Since we are representing the more elaborate structure of a theory heirarchy using structures essentially the same as LISP S-expressions the problem of linearising these for storage in a simple file format becomes a matter of defining a clear mapping between S-expressions and a flat representation. We can therefore write the software to perform this mapping, before we determine the details of how the theory hierarchy is mapped into S-expressions.

In the first instance we need to write in SML software for writing such a repository, and in Python (main candidate for implementation of the SPaDE MCP server) we need to be able to read this format (in the first instance, and later to append extra structure to the files, which will also cover creating from scratch and is the only kind of write access anticipated).
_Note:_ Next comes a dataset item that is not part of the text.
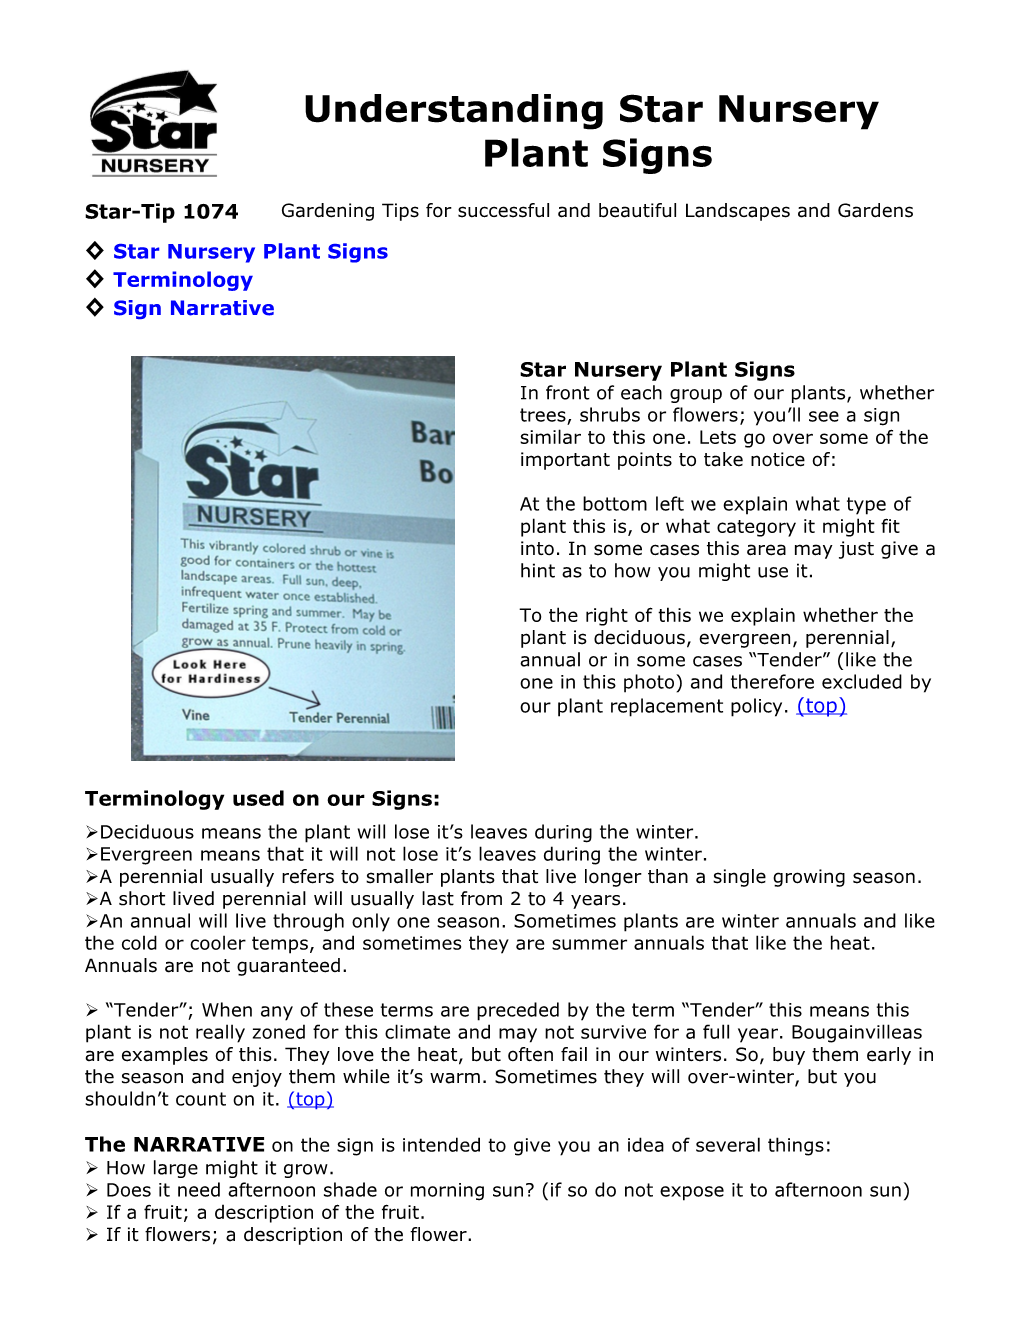 Understanding the Star Nursery Plant Signs

So we need to have a python procedure (or method?) which writes such a list structure into a file in a postfix format, and one for reading such a file and reconstructing the structure. The atoms will all be null terminated utf8 character strings, NIL will be the empty string, and there will be only the one operator. In order to admit the inclusion of null bytes in these “strings” (so that they become arbitrary byte sequences), the “\” character will be used as an escape. The postfix linear format to be written to the file, will consist exclusively of a series of null terminated utf8 strings, of which the first character identifies the string as CONS if it consists only of the character 0, and will otherwise begin with the character “1” followed by the string (or empty string) representing a operand. To convert the linear file into a list structure, use a stack, the elements of which are either atoms or links to lists already formd, push atoms onto the stack until a CONS is reached, then perform a CONS on the top two elements, which are then removed and replaced by a link to the CONS cell. Before approaching this problem, consider carefully whether you have understood this description, and ask for clarification if you have any doubts.